The cold, hard reality is that 64-bit CPUs had little (i.e. absolutely nothing) to do with FP64 support. Somehow they got lumped together because everyone scoffed at the mere sight of anything 32-related.
Anyway, once the initial dust settled and some of the confusion disappeared, the second wave of marketing hit. This time FP64 was positioned as a vital requirement for next-generation compute applications which led to a lot of huffing and puffing about how the mobile industry is going all out on GPU compute. Articles went on forever about how we will soon see data center workloads running on mobile devices.

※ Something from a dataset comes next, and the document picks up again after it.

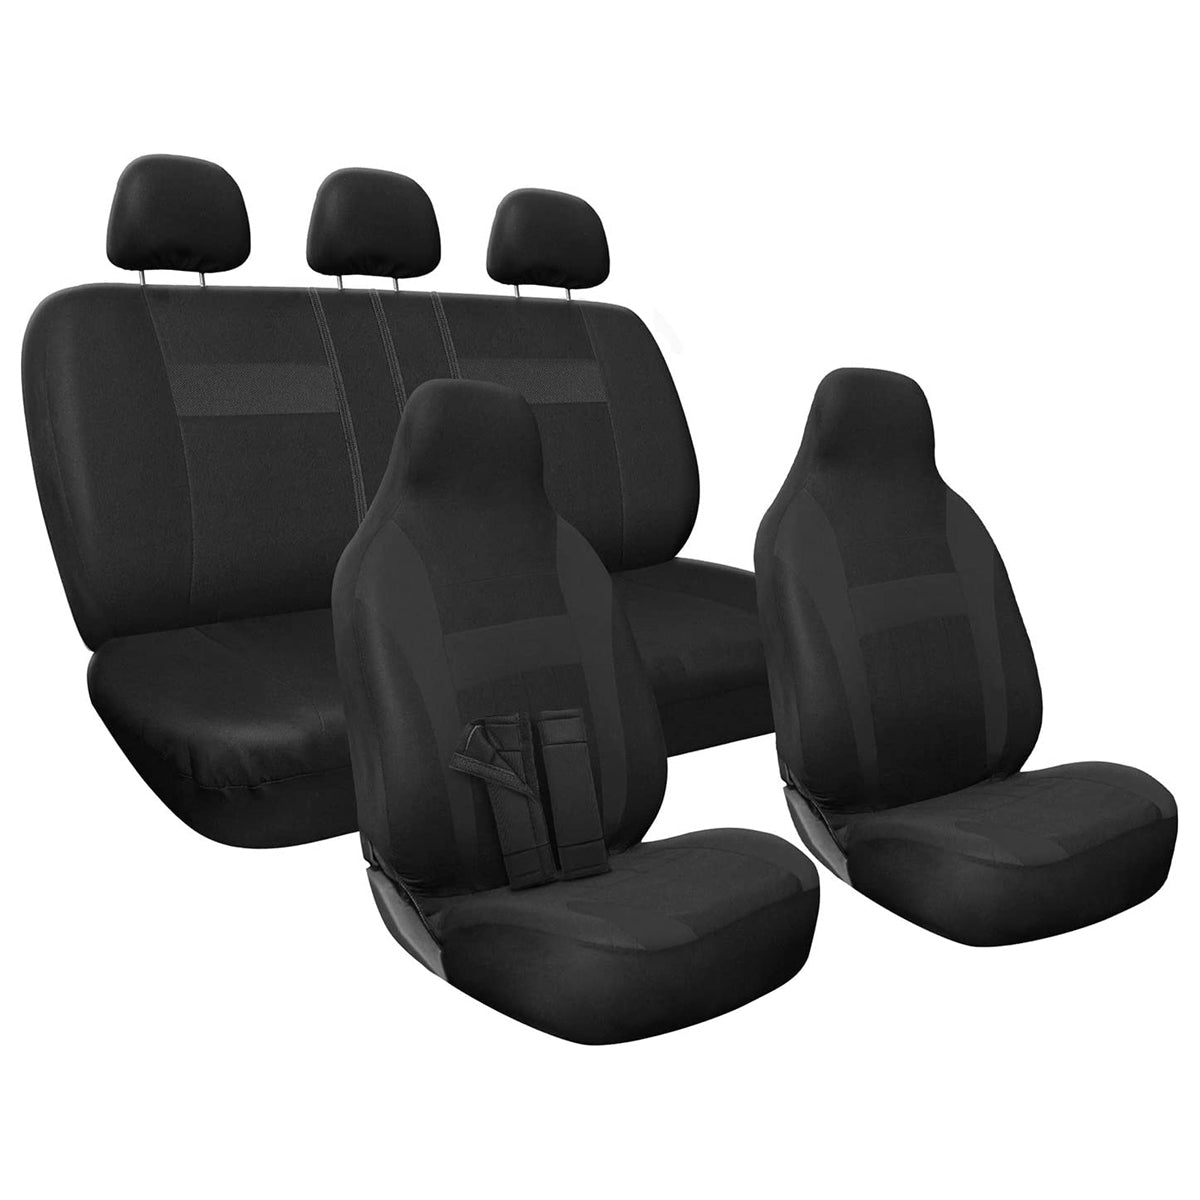 OxGord 10Pc Seat Cover Set for Car, Truck, SUV - Cloth, Solid Black

Fast forward to 2016 and every single use case for GPU compute is still revolved around maximum power efficiency. Can you guess what that implies? Mainly finding the optimal balance between FP16 and FP32 support. Apart from a few developers still stuck in desktop-only mode, nobody is crying out for FP64 ALUs in GPUs. Instead, the industry is moving in the opposite direction by increasing the number of FP16 cores. For example, PowerVR Series7 GPUs have doubled FP16 performance over the previous generation while NVIDIA made a huge deal about the introduction of half-precision support in Tegra X1.
Everyone now agrees that FP64 is too power hungry for mobile while delivering absolutely no performance benefit in typical applications (image convolution, augmented reality, software-based video decoding, etc.). However, FP64 precision is indeed a requirement for a very limited set of scenarios. For example, the microserver market defines a set of high-precision workloads that can be offloaded from the main CPU across on-chip accelerators (including GPUs) for improved efficiency.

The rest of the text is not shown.